From the first line to the last, restate the material word for word; pictures stay out.

--

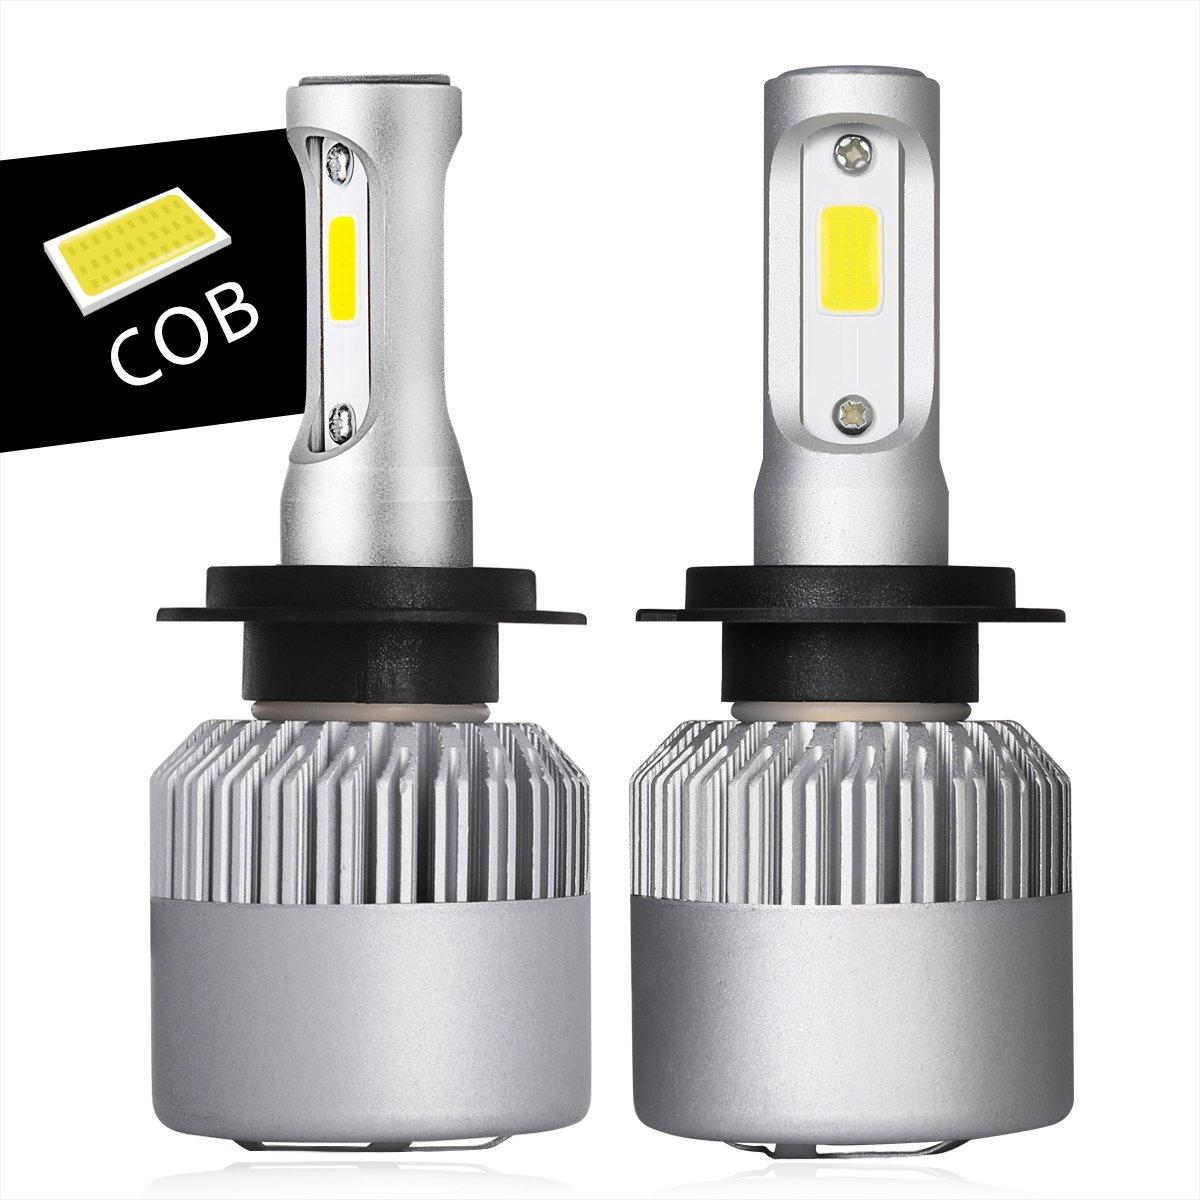 H7 LED Headlight Bulbs, Swatow Industries H7 Headlight Kits Osram COB 10,000lm 6000K Cool White 2PCS - 2 Year Warranty
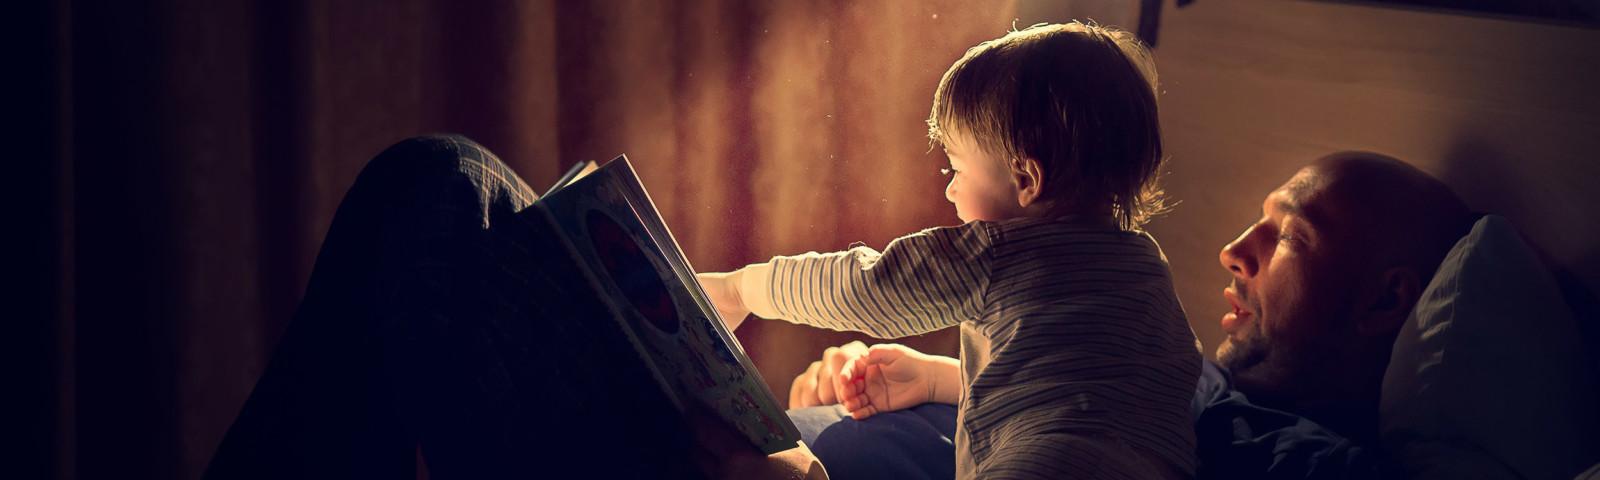 Kid Reading Book
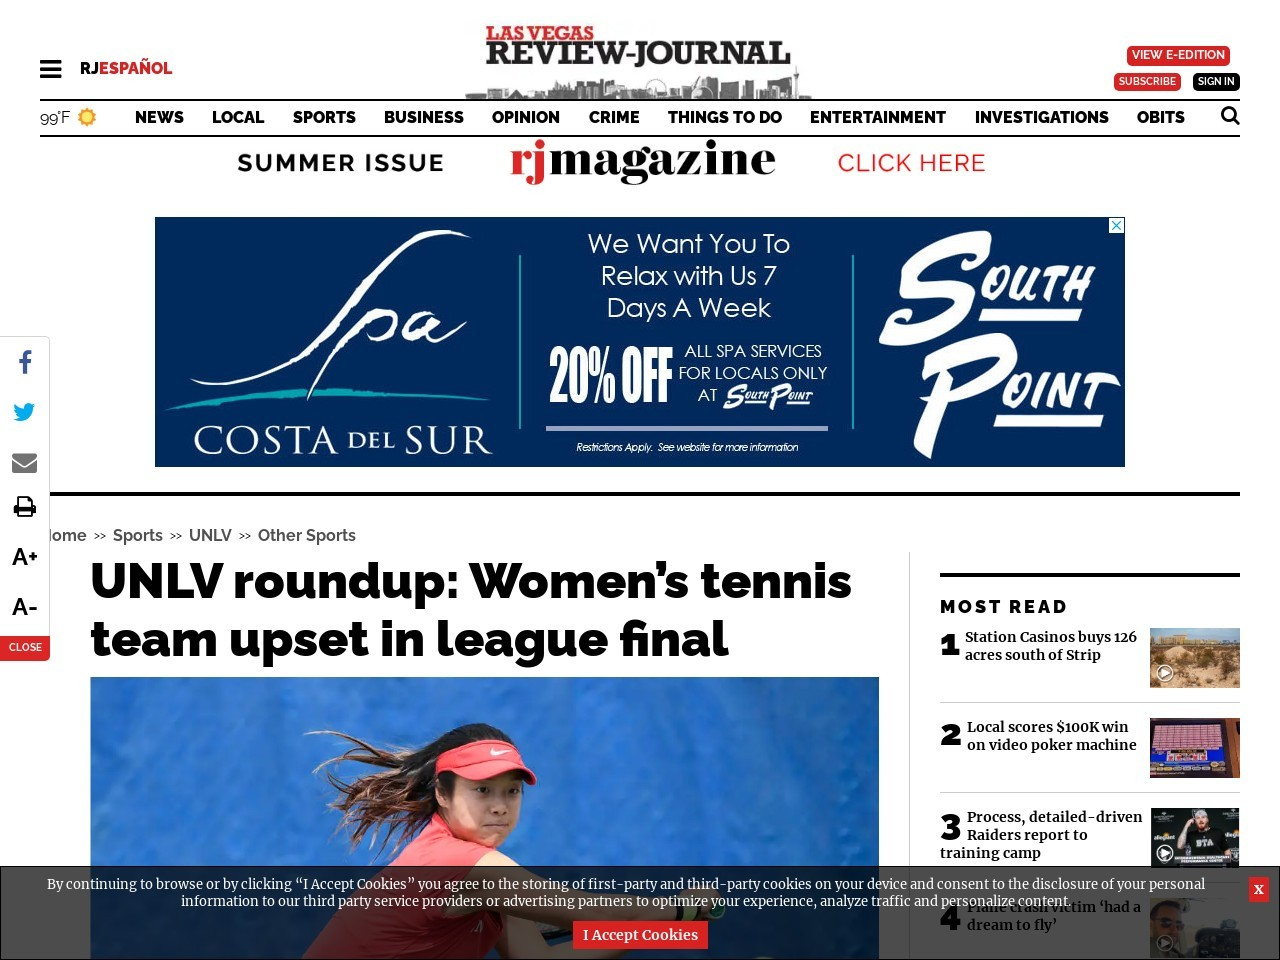 UNLV roundup: Women's tennis team upset in league final
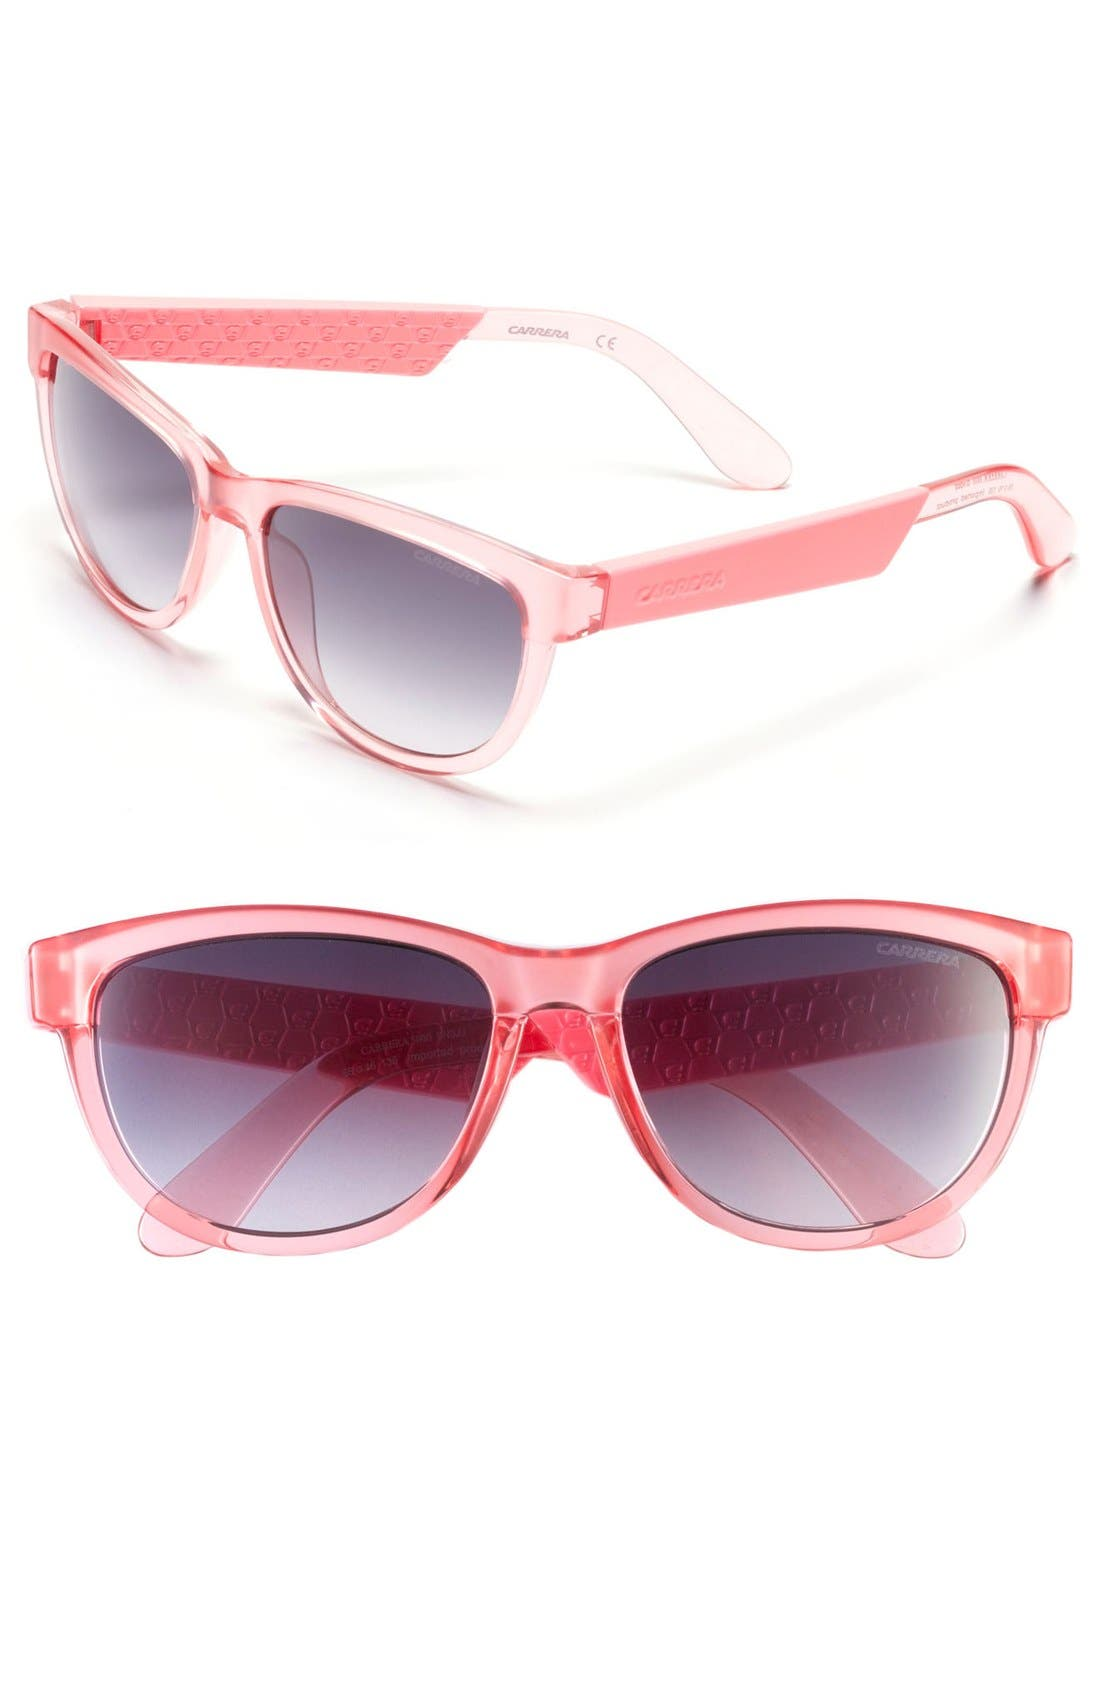 55mm Sunglasses,                             Main thumbnail 1, color,                             Pink
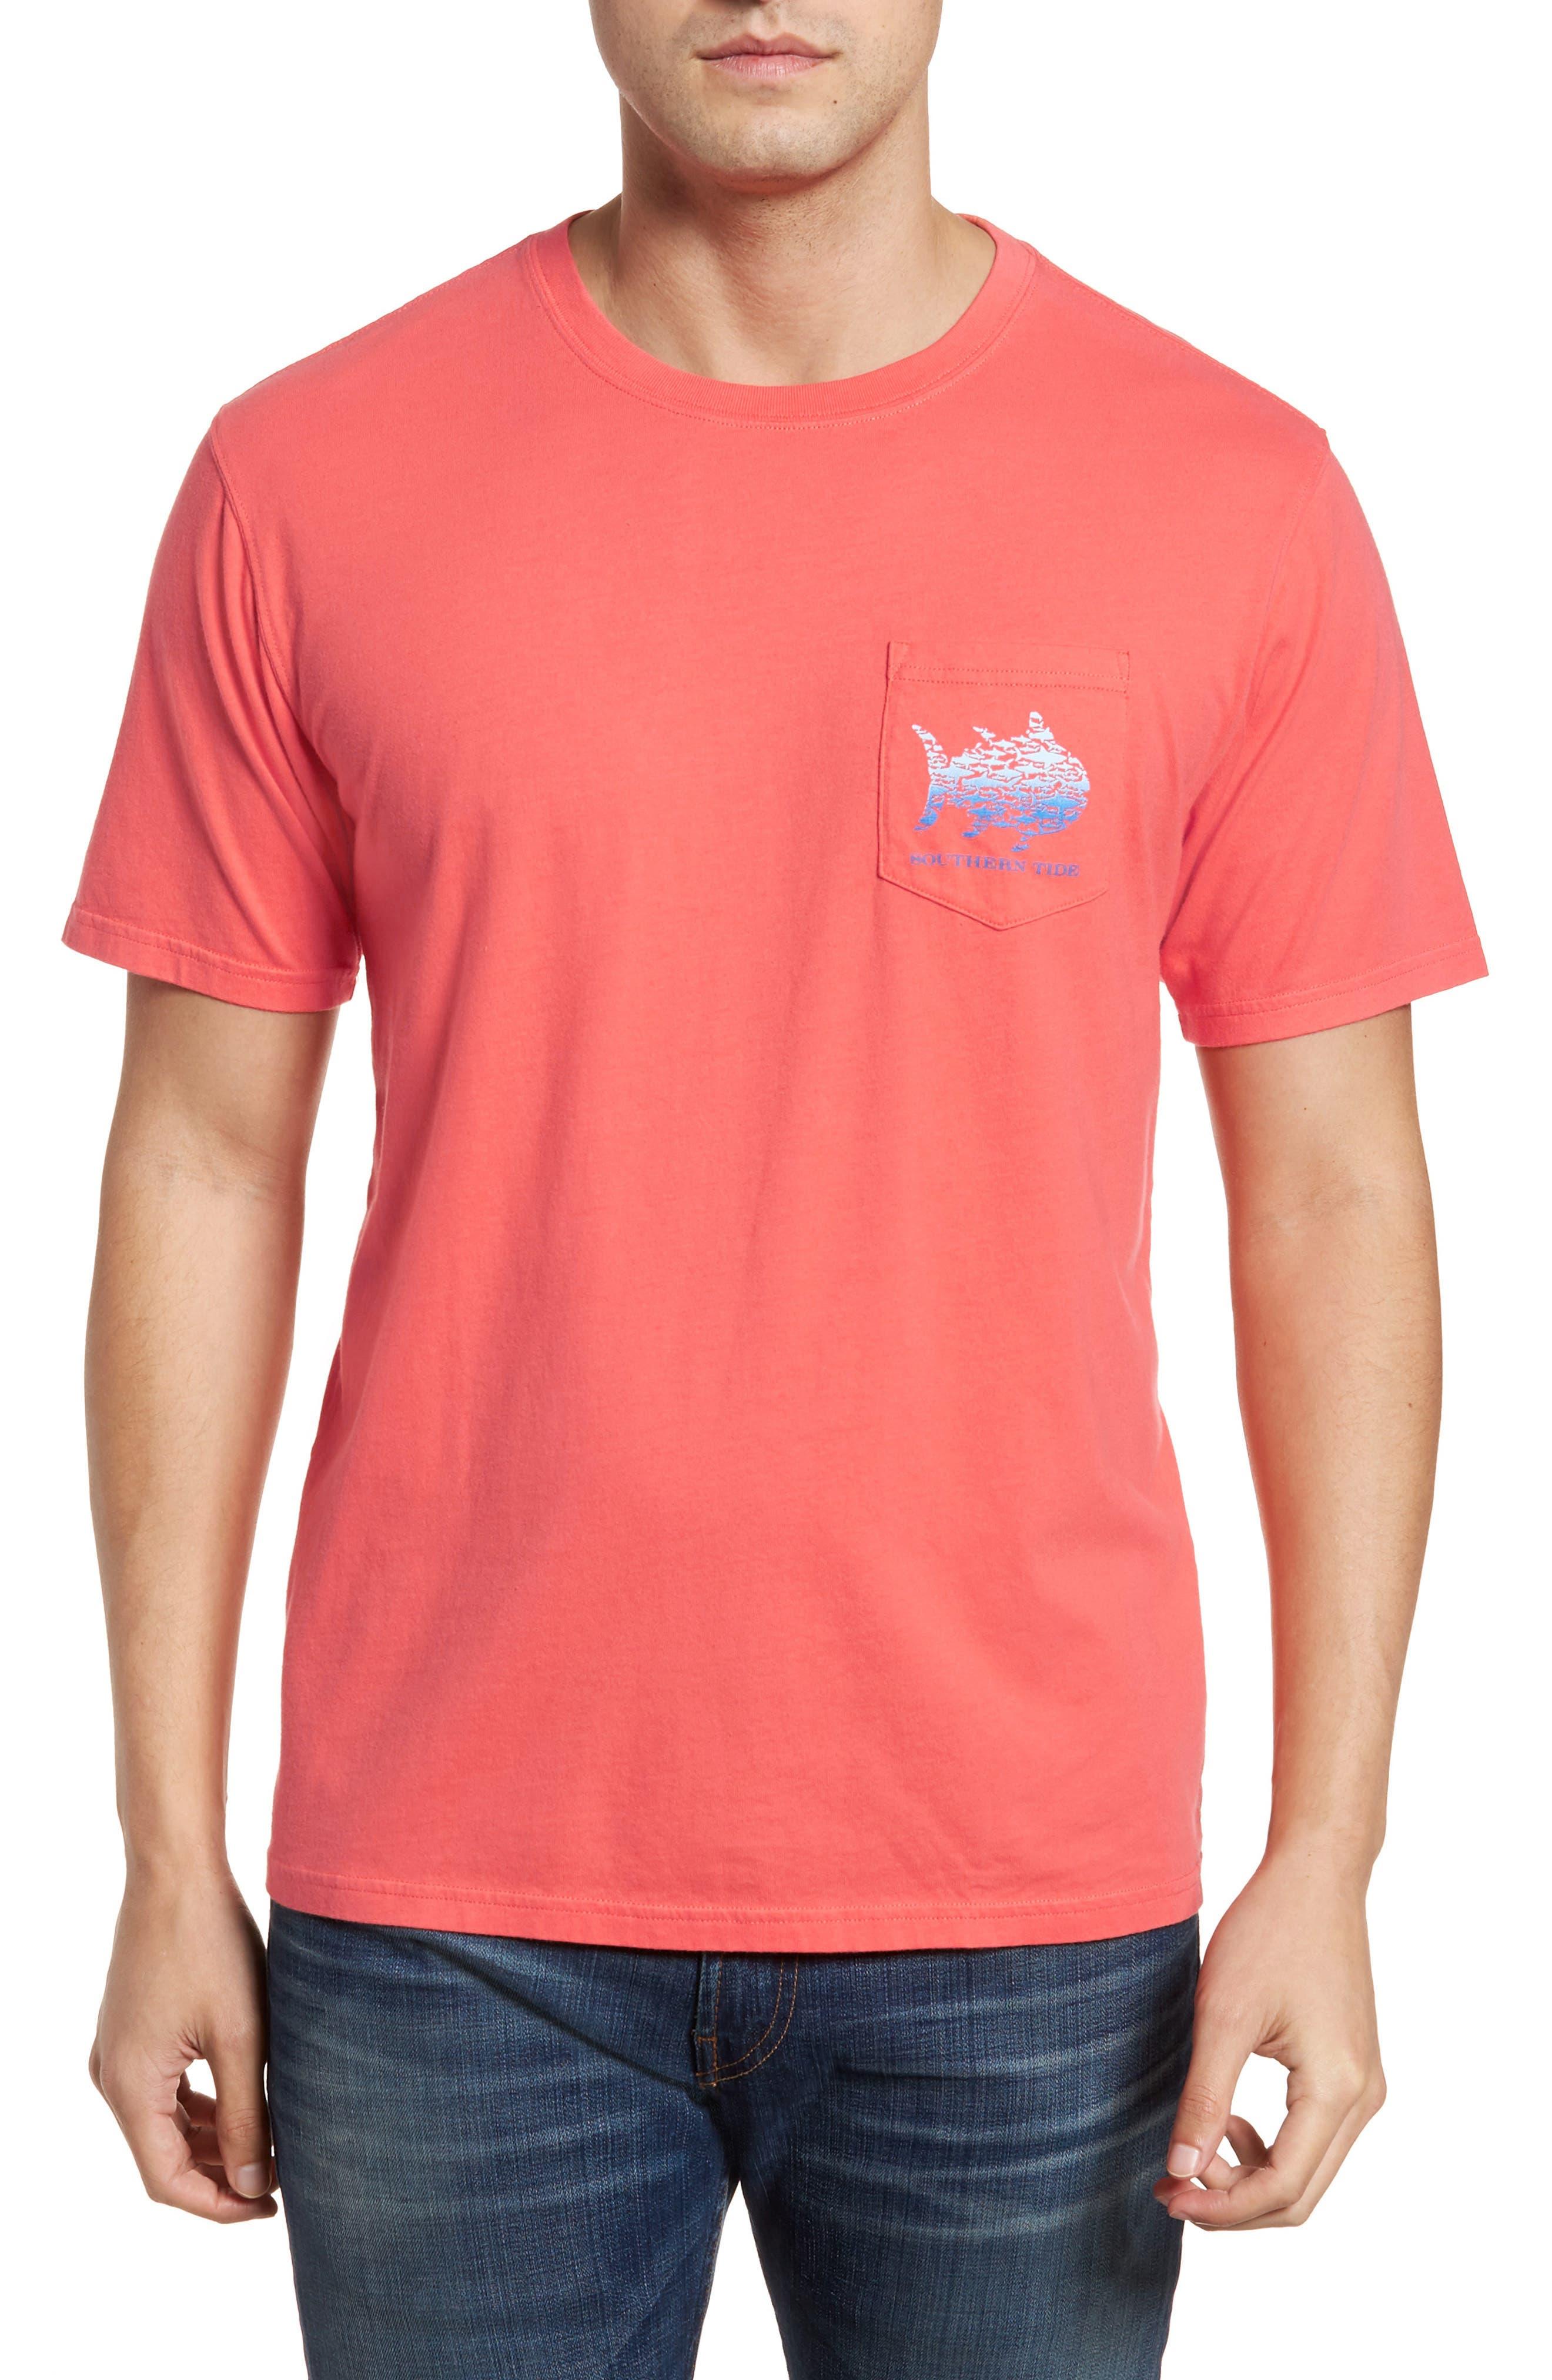 School Of Sharks Crewneck Cotton T-Shirt,                             Main thumbnail 1, color,                             682

--

_Written answer_.
 H7 LED Headlight Bulbs, Swatow Industries H7 Headlight Kits Osram COB 10,000lm 6000K Cool White 2PCS - 2 Year Warranty
 Kid Reading Book
 UNLV roundup: Women's tennis team upset in league final
 55mm Sunglasses,                             Main thumbnail 1, color,                             Pink
 School Of Sharks Crewneck Cotton T-Shirt,                             Main thumbnail 1, color,                             682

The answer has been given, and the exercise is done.